Выбрать главу

Пьер взмахивает дирижёрской палочкой, и я со страстью ударяю по первым септаккордам. Передо мной нет нот. Вся музыка в моей голове, так как написала её я.

В мире так много прекрасной музыки... Что не хочу умирать! — исходя из маминых воспоминаний, то были последними словами Рауфа, прежде чем он навсегда закрыл глаза. В хосписе.

После того как Югендамт временно раскидал меня, Эстер и Джастина в разные приёмные семьи, Рауф регулярно навещал нас по отдельности. Не потому, что к нам не приходили наши родные отцы, которым мы оказались совершенно не нужны. Не из-за того, что наша непутёвая мать по истечении своего условного срока на целых полгода исчезла с радара, добровольно подавшись сначала в какой-то монастырь, затем психиатрический диспансер для излечения от всех своих зависимостей. Нет, у нашего Рауфа однозначно был план Б! И если бы не его четвёртая стадия в лёгких, думаю, он бы приехал и выкрал нас, когда наше время в приёмных семьях подошло к концу. В день, когда Рауф впервые не приехал как обычно навестить меня, мой мир во второй раз окрасился во всё чёрное...

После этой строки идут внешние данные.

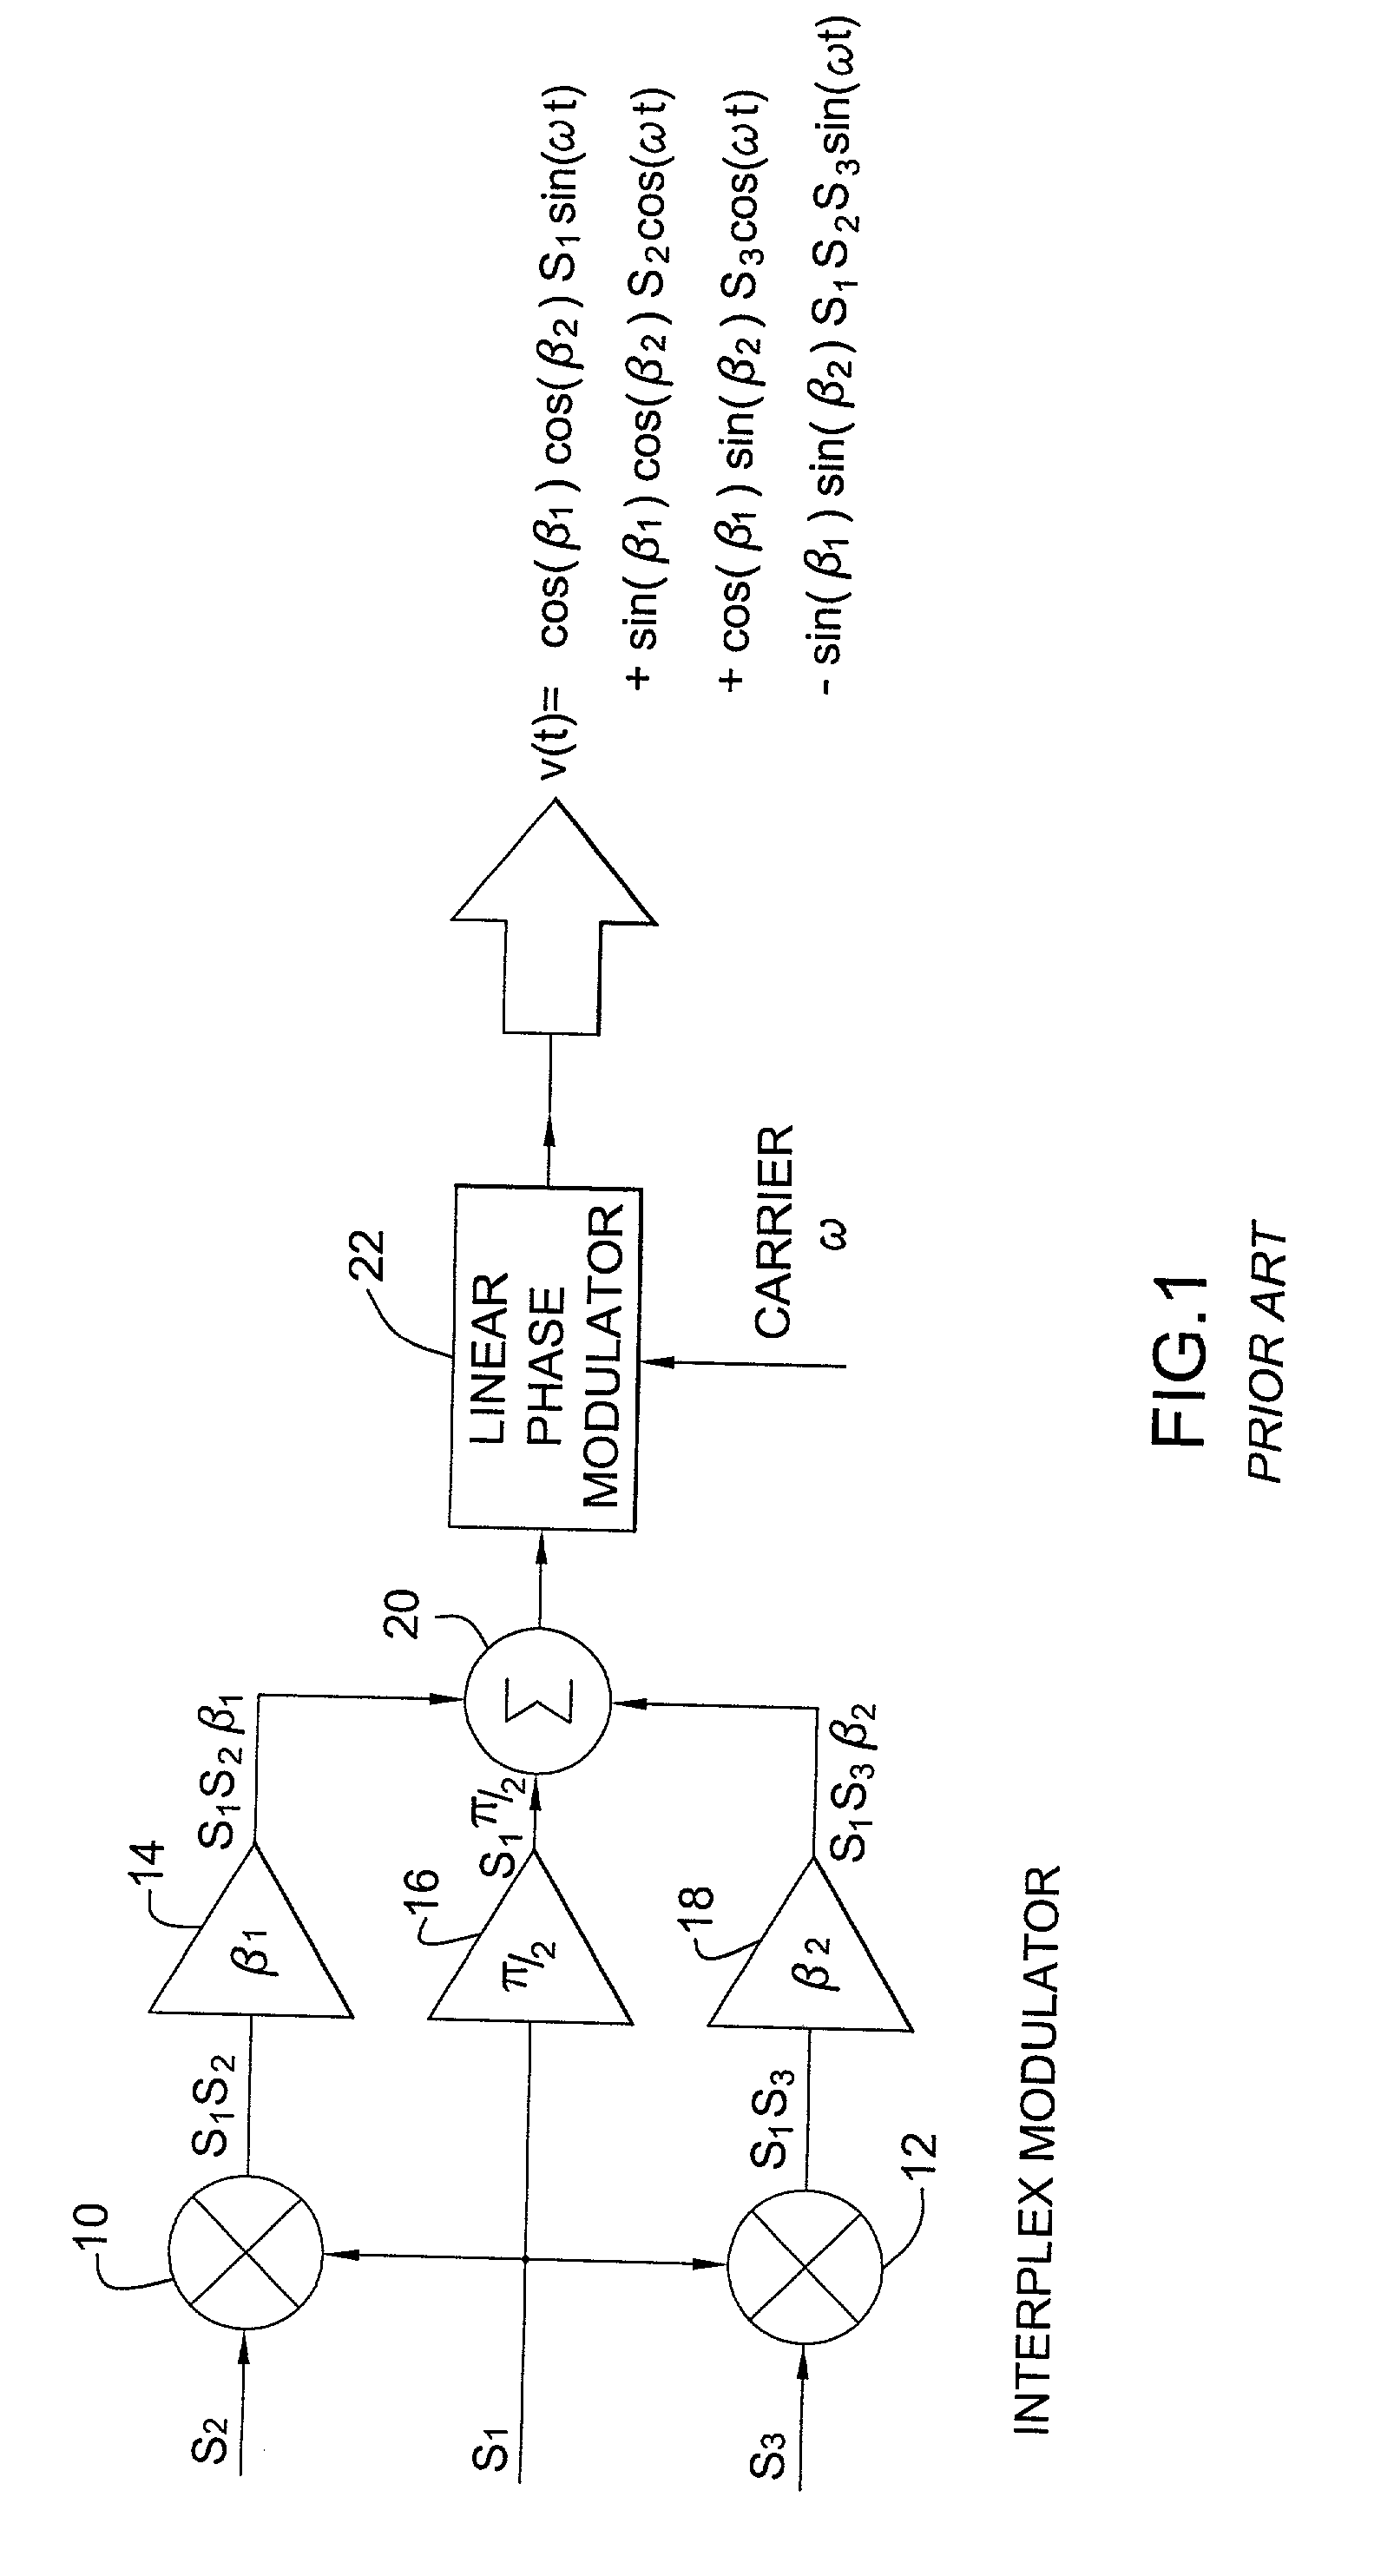 Method and apparatus for generating a composite signal

Грусть тех тягучих однообразных дней я вкладываю сейчас в тёмные минорные гаммы.

Жизнь, — вспоминаю любимое изречение Рауфа — Это не концерт по заказу, а сплошная импровизация... Поэтому будь всегда готова!

И я готовлюсь. Кручусь. Верчусь. Благодарю судьбу за каждый прожитый момент, вопреки тьме прошлого.

Я знаю, что точно повзрослела. Потому как верю теперь исключительно фактам, вернее, совершённым поступкам близких мне людей, а не их словам.

Рауф оказался прав во всём...

Мои пальцы, словно бешеные кони, с силой разгоняются и собираются использовать в следующей композиции, как когда-то сказал Ференц Лист, все восемьдесят восемь — нет, здесь их девяносто! — клавиш.

Некоторые секвенции напоминают по звукам то золотой барокко, то авангардный рок. Пьер входит в раж. Оркестр потеет, напрягает лица, включается на всю мощь...

Мой главный гитарист отыгрывает сегодня с неслыханной страстью свой сольный номер, написанный мной для него.

Вслед за ним выходит с соло моя первая скрипка, так душевно исполнившая мою экспериментальную пассакалью с нотками венского классицизма, что я прикрываю глаза от выступивших слёз.

Перед моим внутренним взором невольно проносится вся моя жизнь после смерти Рауфа:

Нетерпение, когда мама больше двух долгих лет проходит все восемь кругов ада наших судов, Югендамта и прочих инстанций, прежде чем ей удаётся окончательно забрать нас обратно...

Сожаление, когда она тайно бессонными ночами выплакивает море слёз из-за всех наших детских травм и обид на неё...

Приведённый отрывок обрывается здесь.